O quinto ponto é o aumento das despesas financeiras. As despesas financeiras consolidadas subiram de R$152,6 milhões no 1T25 para R$223,2 milhões no 1T26.

O sexto ponto é o aumento dos juros pagos. Os juros pagos subiram de R$94,2 milhões para R$143,5 milhões.

O sétimo ponto é o aumento das despesas com vendas. A linha subiu de R$200,7 milhões para R$276,7 milhões.

O oitavo ponto é positivo: a receita cresceu, o lucro bruto cresceu e a margem bruta melhorou levemente.

O nono ponto é positivo: lançamentos de R$1,7 bilhão, vendas contratadas de R$2,2 bilhões e VSO de 45% indicam demanda operacional saudável.

O décimo ponto é positivo: a administração reportou geração de caixa gerencial de R$134 milhões e dívida líquida sobre patrimônio líquido ajustado de 19,6%.

O décimo primeiro ponto é positivo: o relatório de revisão especial foi sem ressalva.

Leitura final

O 1T26 da Cyrela mostrou uma companhia operacionalmente sólida, mas ainda exigindo cautela. A receita cresceu, a margem bruta melhorou levemente, os lançamentos tiveram boa aceitação, as vendas contratadas seguiram fortes e a administração reportou geração de caixa gerencial positiva.
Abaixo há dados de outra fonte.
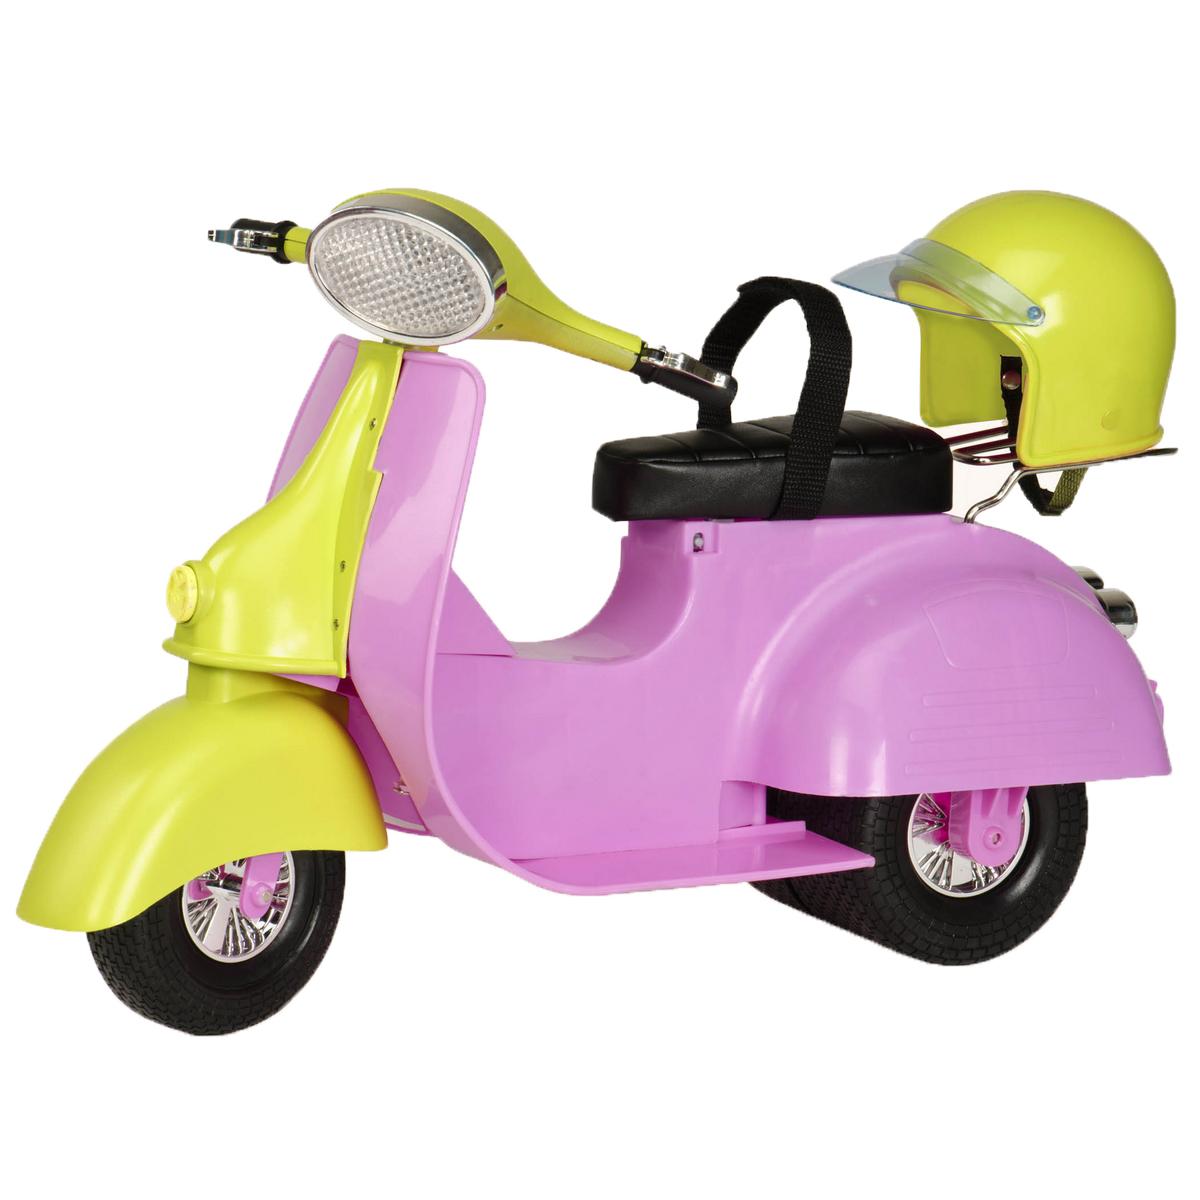 Our Generation Транспорт для кукол Скутер11526Девочки путешествуют со стилем на ярком скутере Our Generation! Скутер выполнен из прочного безопасного пластика розового цвета. Игрушка дополнена поворачивающимся рулем и ремешком для поддержки куколки. В комплект входит шлем желтого цвета для куколки. Ваша малышка сможет катать свою куколку на скутере. Порадуйте ее таким замечательным подарком! Подходит для кукол высотой 46 см.
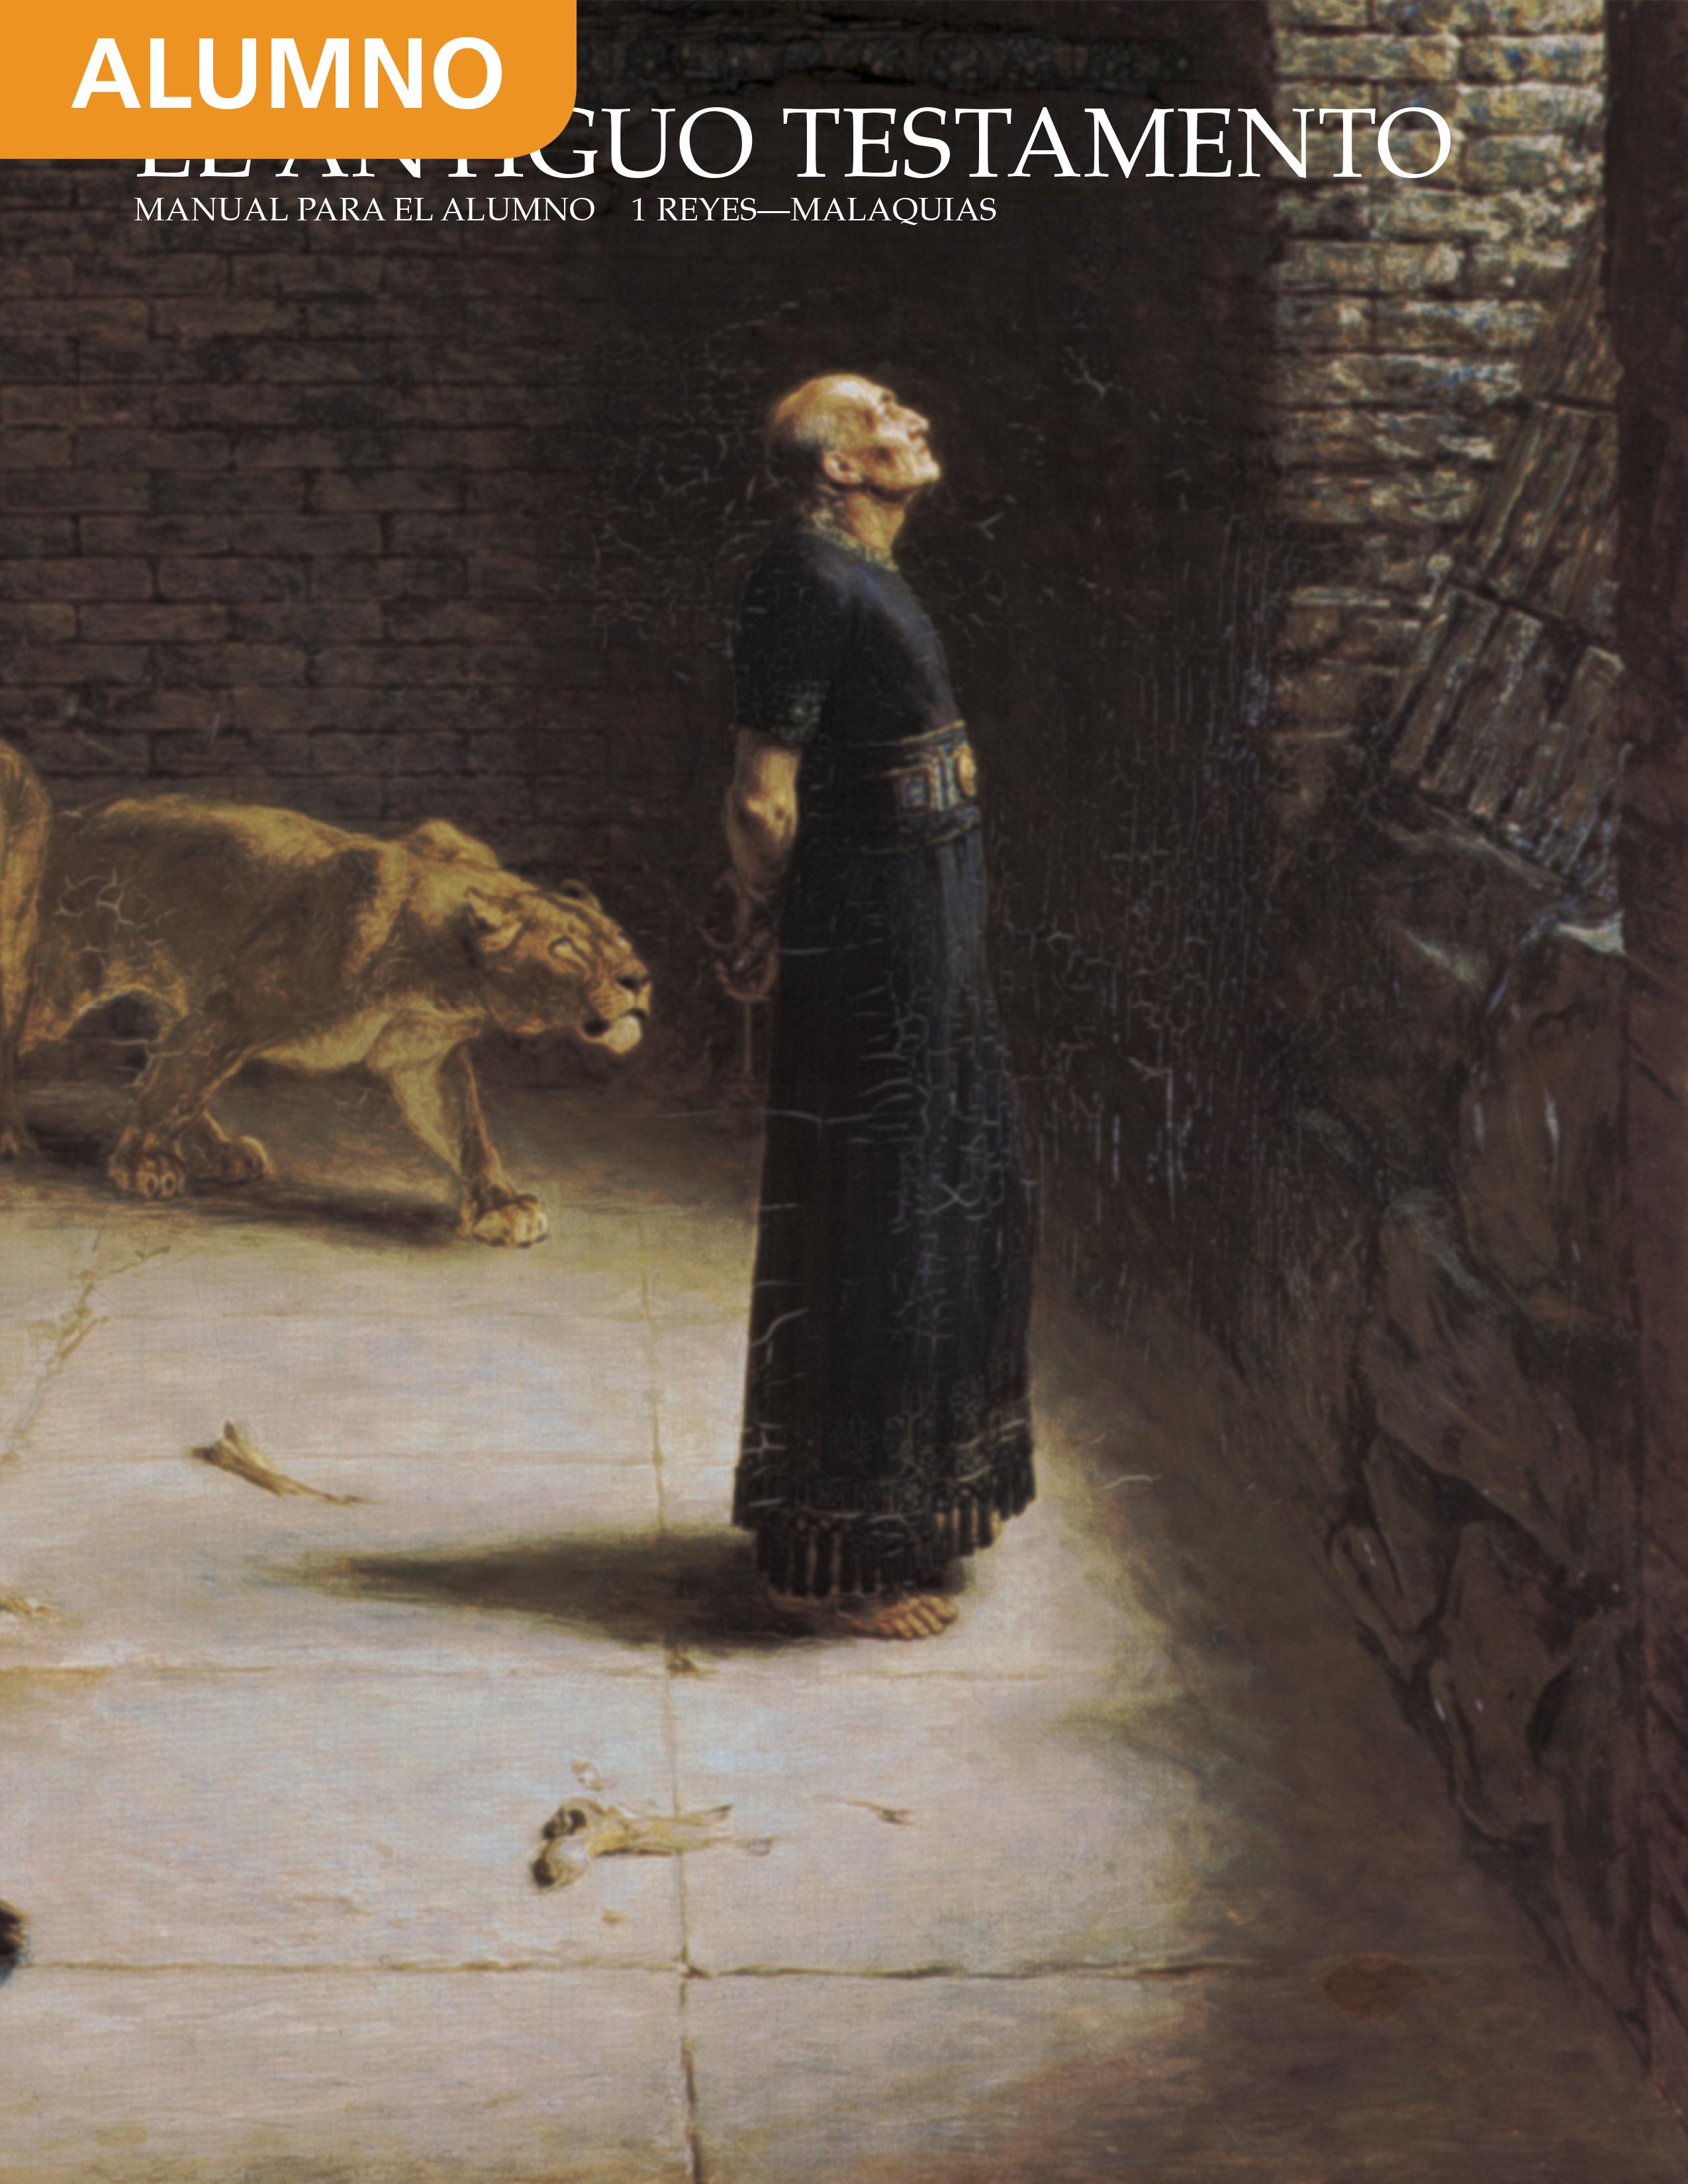 ElAntiguo Testamento: Manual para el alumno, 1 Reyes–Malaquías (Religión 302)

Por outro lado, o lucro líquido caiu frente ao 1T25, o resultado financeiro piorou, as despesas financeiras e os juros pagos aumentaram, e o caixa operacional consolidado CVM permaneceu negativo. A empresa segue com dívida bruta elevada, recebíveis altos e estoques relevantes.

Para o usuário, o trimestre deve ser lido como operacionalmente consistente, mas financeiramente ainda cauteloso. A companhia tem escala, lucro, vendas e patrimônio robustos, porém a qualidade de caixa e o custo financeiro seguem como os principais pontos de acompanhamento.